Мой ответ шокировал Василия Николаевича. Я поторопился пояснить:
–Это не то, о чём вы подумали. Цилиндрик всего лишь «маяк». Он передает сигнал, по которому можно узнать о моем местонахождении.
–Но зачем? Что все это значит, Серёжа? – взволнованно заговорил Иванов.
–Не надо больше вопросов, – взмолился я. – У меня и без того мозги плавятся.
–Да, конечно. На тебя и так столько навалилось разом… Тебе нужно спокойно подумать и разобраться, прежде чем двигаться дальше, – согласился Василий Николаевич и, помолчав, спросил: – Ну что, проветримся?
–Яволь, – улыбнулся я. – Что нам стоит. Небольшая прогулка могла обернуться каким–нибудь новым и приятным сюрпризом.
Мы молча бродили по берегу Волги. Осенний ясный день быстро догорал. Багровый диск солнца уже наполовину исчез за лиловыми зубцами Жигулей, а широкая водная гладь блестела и отливала бронзой. Ко мне вдруг пришло ощущение, будто я видел все это тысячи раз, быть может даже с самого рождения. Чувство родины воскрешало в памяти и другие образы, пока еще неясные и отрывочные. Я понял одно, что я – русский. И может быть, мои корни где–то здесь. На душе стало легче. А великолепный багряный закат, от горизонта накатывавший волны свежести, окончательно расправился со щупальцами красного тумана, в тошнотворную пелену которого я время от времени проваливался. В этом не было никакого сомнения. Мне показалось, что я чист как младенец. В этом была доля истины.
Глава 3. ПЕРЕД ЗЕРКАЛОМ
На следующий день я проснулся рано, чувствуя себя на удивление бодро. Должно быть, вчерашняя прогулка подействовала на мое состояние в высшей степени благотворно. В голове уже не было зловещего тумана. Я не испытывал предательской слабости и тошноты, которые охватывали меня при малейшем усилии или резком движении. Ребра болели намного меньше, я смог впервые вздохнуть полной грудью. Признаки стремительного выздоровления более чем обрадовали меня.
Василий Николаевич хлопотал на кухоньке, готовя яичницу с ветчиной. Увидев меня здоровым и бодрым, он с довольной улыбкой сказал:
–О, выглядишь как огурчик. Умывайся, сейчас завтракать будем.
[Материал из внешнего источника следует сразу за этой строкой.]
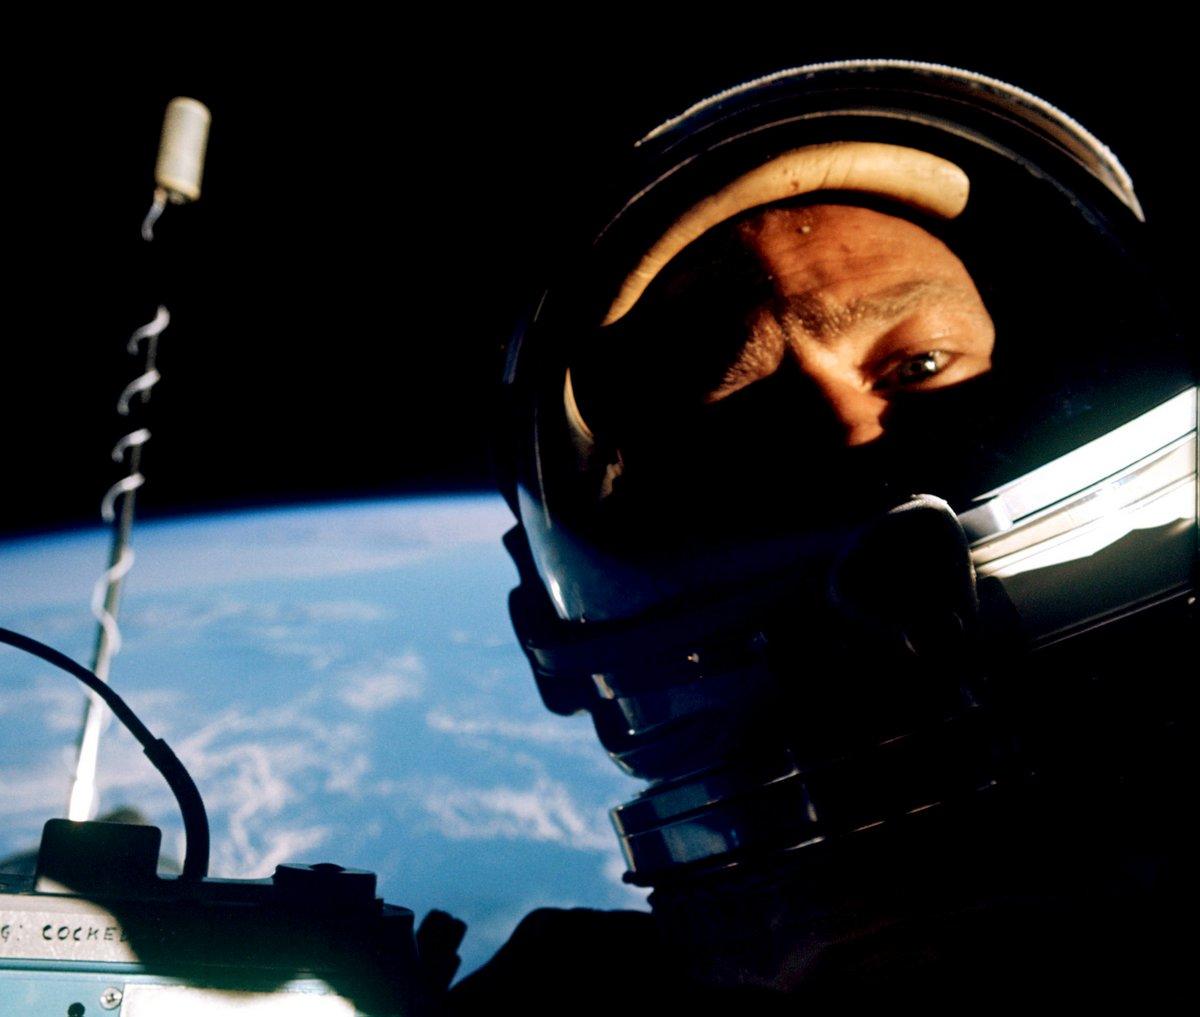 Vintage famous Buzz Aldrin spacewalk selfie from Nov 12 1966 Buzz Aldrin-NASA at ClickAmericana com
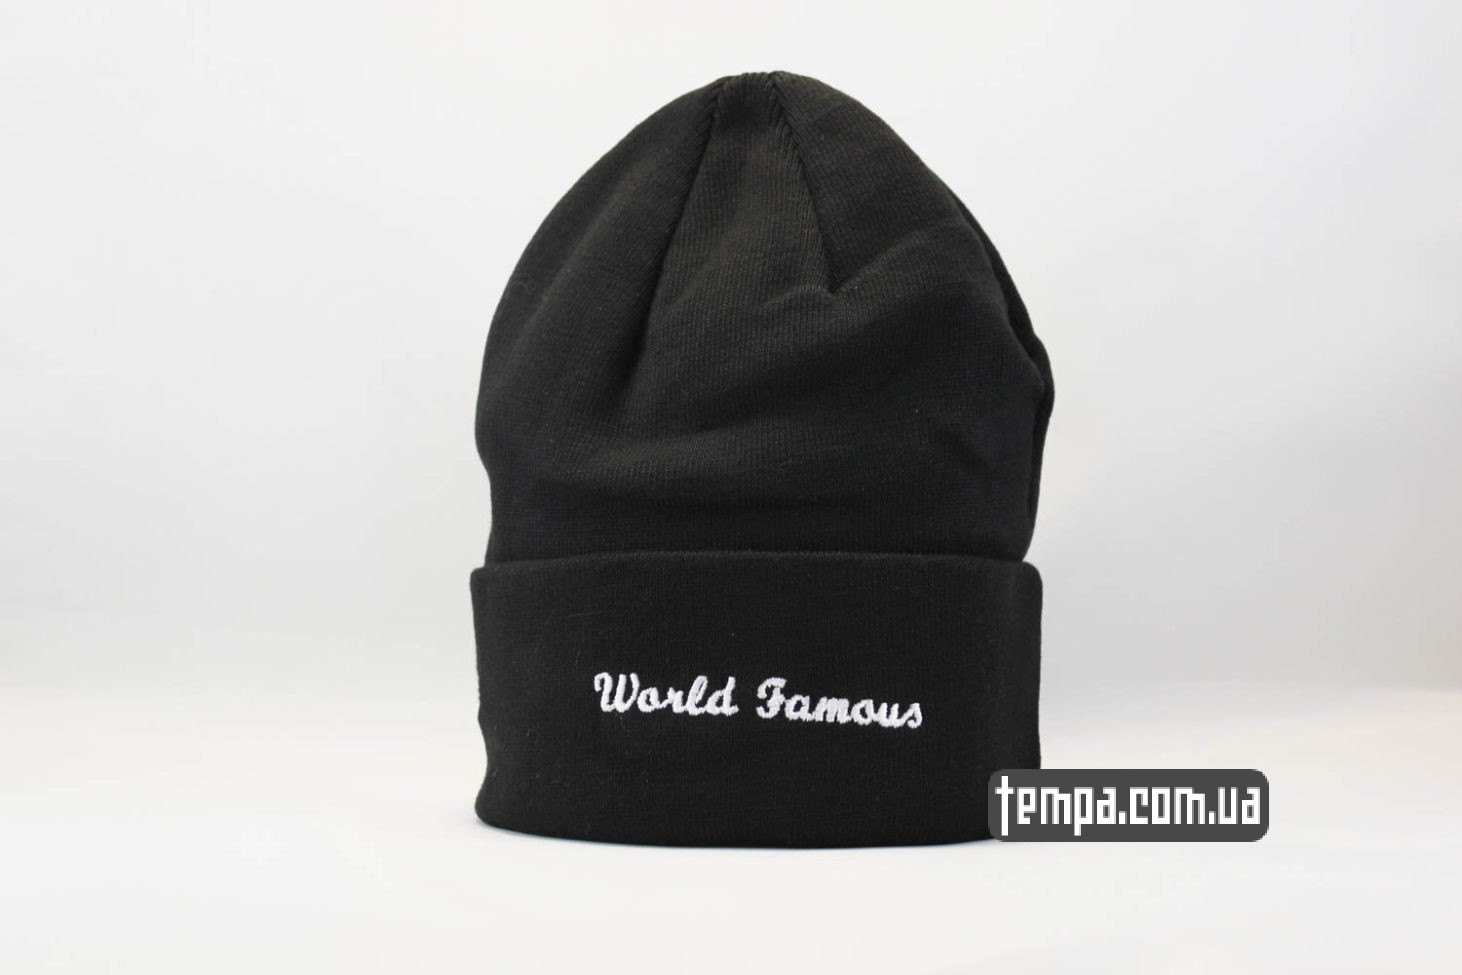 world famous supreme шапка beanie SUPREME Black черная суприм Украина

Ледяная вода в умывальнике приятно пощипывала кожу лица, заставляя кровь бежать по жилам быстрее, насыщая мозг тысячами тончайших ароматов. Мысли сразу же приобрели четкость и предметность, Я уже знал, что именно должен был сделать немедленно, и, покончив с утренним туалетом, быстро вернулся в свою комнату. Первым делом я достал из шкафа костюм и, разложив пиджак и брюки на столе, принялся методично и тщательно проверять все карманы. Я почему–то был уверен, что обязательно что–то найду. Добрый старик, осматривая мои вещи, просто не смог чего–то существенного обнаружить. Что–то ускользнуло от его внимания, как и от хищных глаз тех самых злодеев, которые чуть было не отправили меня на тот свет.
Предчувствие оправдалось, мои пальцы вдруг нащупали во внутреннем нагрудном кармане смятый клочок бумаги. Когда я извлек его и осторожно расправил, то сначала не мог оценить, насколько важной оказалась эта находка. Передо мной на столе лежал небольшой листок с очень блеклым типографским оттиском какого–то простейшего бланка, на котором размашисто и неразборчиво было начертано столбцом что–то вроде перечня. Слова едва угадывались, так как вода размыла надписи и изрядно подпортила бумагу, но я догадался, что это какой–то счет. Об этом свидетельствовала колонка цифр справа и итоговая сумма внизу.
Разочарованный никчемностью этой информации, я раздраженно отодвинул этот жалкий листок в сторону и принялся заново потрошить костюм. Внезапно ослепительная догадка заставила меня схватить этот клочок бумаги с оторванным углом. С минуту я просто вертел его в руках и пытался возвратить ускользнувшую мысль, а когда она нечаянно и капризно вновь напомнила о себе, едва перевел дыхание от волнения. Теперь я полностью отдавал себе отчет, что оказалось в моем распоряжении: это был реальный след, отправная точка предстоящего расследования. Счет из ресторана – листок был именно счетом – не мог попасть в мой карман случайно. Его я получил лично и, вероятно, сполна расплатился по нему, а это значит, что меня могли узнать в этом заведении… А тогда…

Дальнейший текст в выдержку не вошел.